Ally Law Advisory Committee

Among its findings, the Advisory Committee noted that disclosure requirements place a disproportionate burden on smaller companies, even though the SEC has attempted to simplify filing requirements for these companies. The Committee suggested that the reporting accommodations made to the category of “emerging growth company” ought to be extended to “smaller reporting companies”, and that the threshold definition of “smaller reporting companies” should be increased. Additionally, the Committee is concerned that the U.S equity markets do not always offer a satisfactory trading venue for the securities of small and emerging companies.

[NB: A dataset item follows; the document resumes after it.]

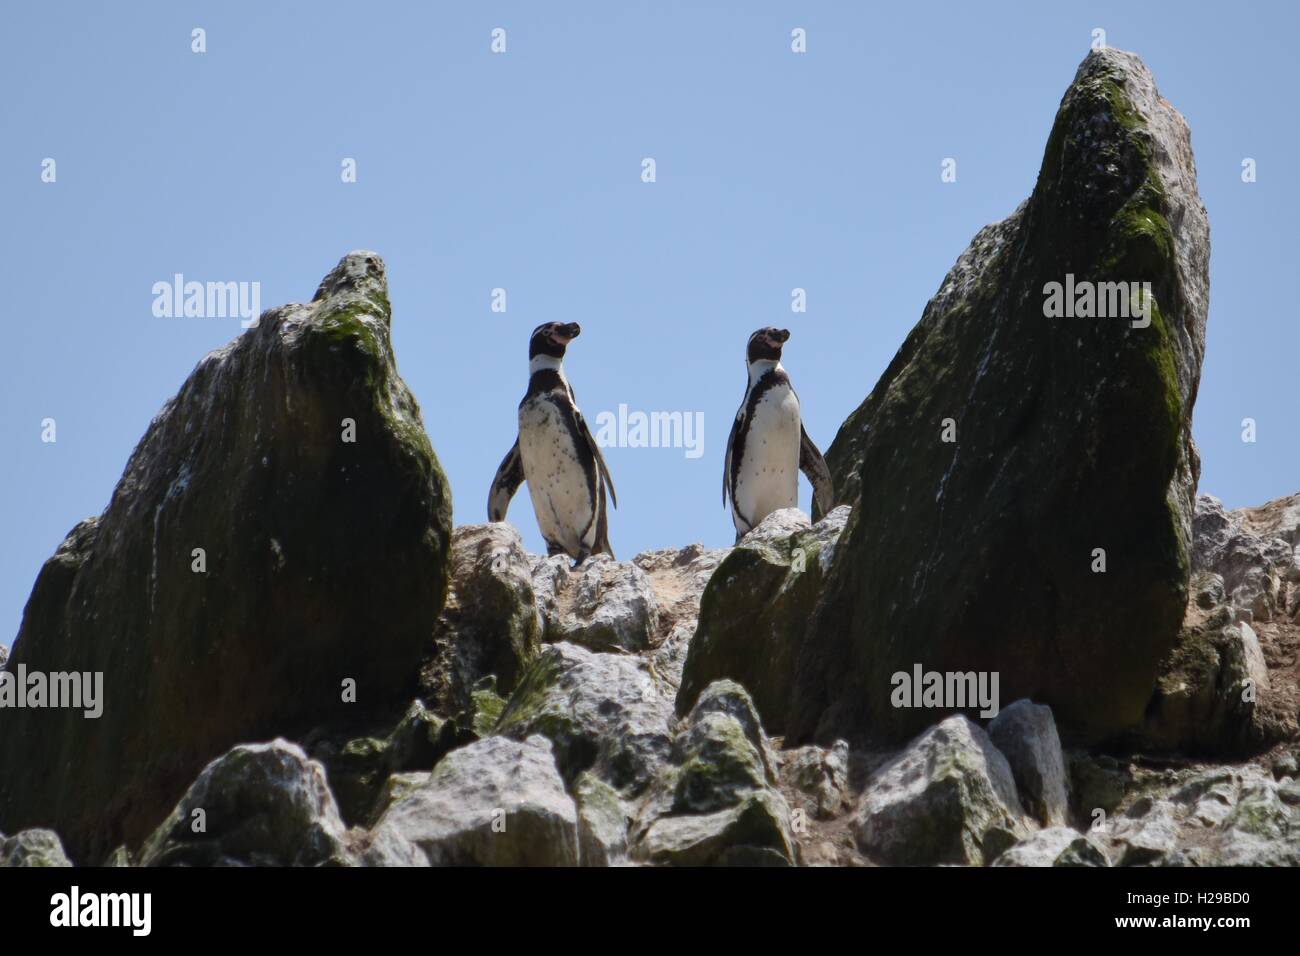 Penguin, Fauna, Paracas, Islas Ballestas, Peru Stock Photo

Accordingly, the Committee urged the SEC to facilitate the creation of a separate U.S. equity market for trading by accredited investors in small and emerging companies generally, and in particular by adopting its prior recommendation to preempt certain state regulations.

The Committee also noted that current SEC rules have failed to require disclosure of Board diversity, which would be useful to stockholders, employees, and customers, renewing its recommendation that the SEC amend its rules to generate more disclosure useful to investors.

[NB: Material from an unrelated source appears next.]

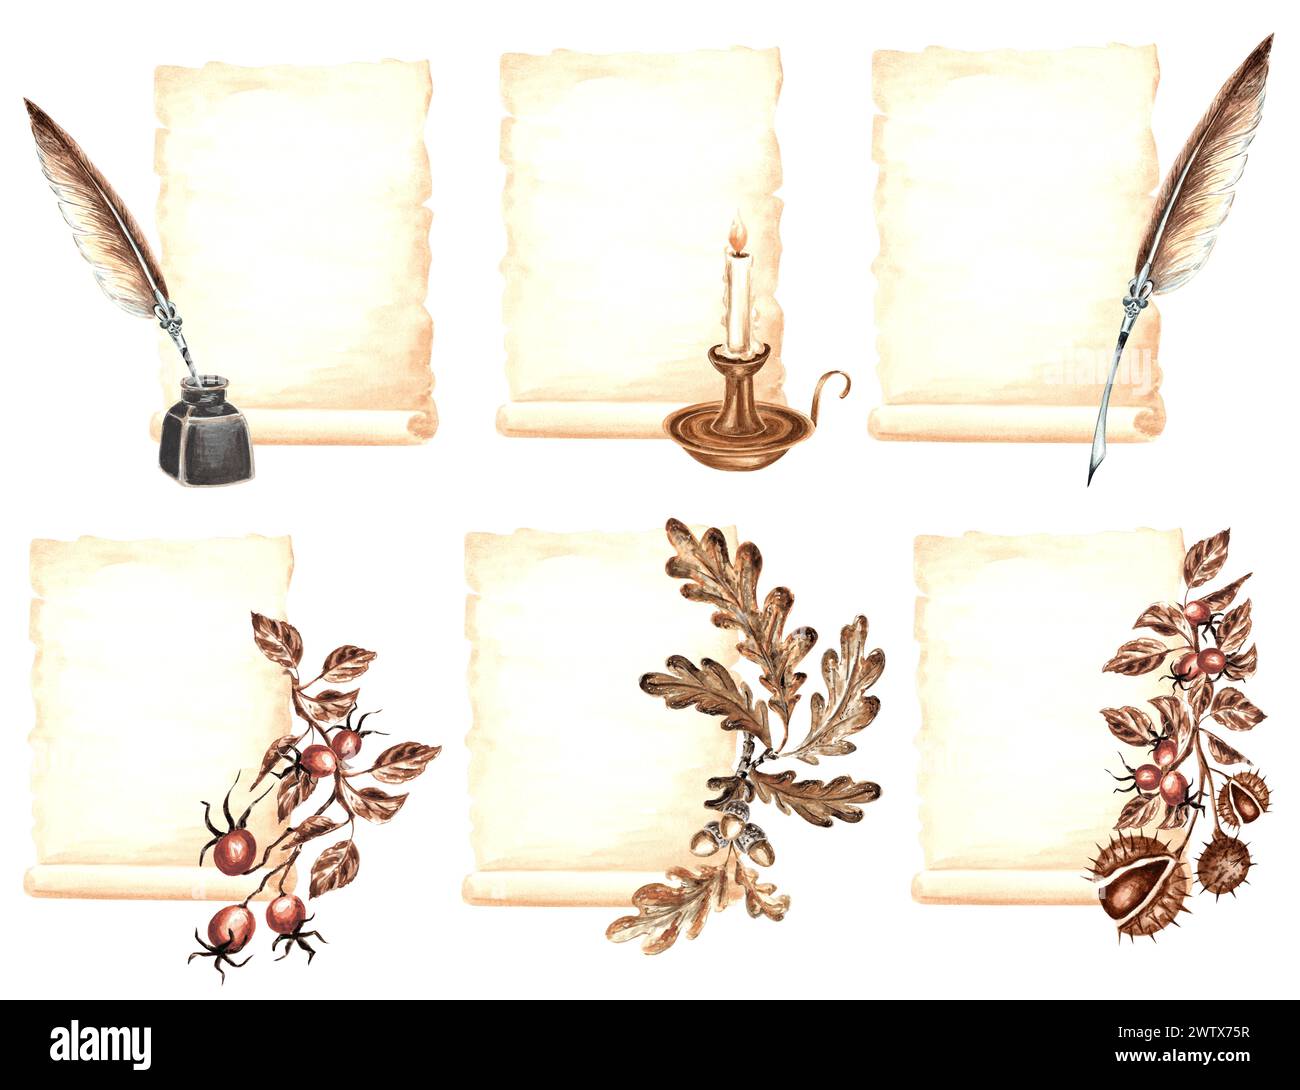 Set aus Vintage-Kompositionen Pergamentpapier mit Tintenfass, Federstift, Kerze und Pflanzenzweigen. Handgezeichnete Aquarellillustration von Papyru Stockfoto

With regard to the directive that the SEC periodically review the SEC definition of “accredited investor” the Committee recommended the SEC not implement heightened standards for qualifying as such because any decrease in the number of accredited investors would disproportionately impact those living in areas with lower cost of living, as well as women and minorities. The Committee actually recommended that the SEC expand the definition to take into account other measures beyond income and wealth.

The Committee made other important observations and recommendations that may impact your investing practices. Discuss the recommendations and questions you may have about securities and investments laws in any country in which you have investments with the securities lawyers at your Ally Law member firm. For more information about our services in this area, contact us at yourally@ally-law.com.

Click here for the complete article by Nathaniel C.Donoghue of Ally Law member Rich May.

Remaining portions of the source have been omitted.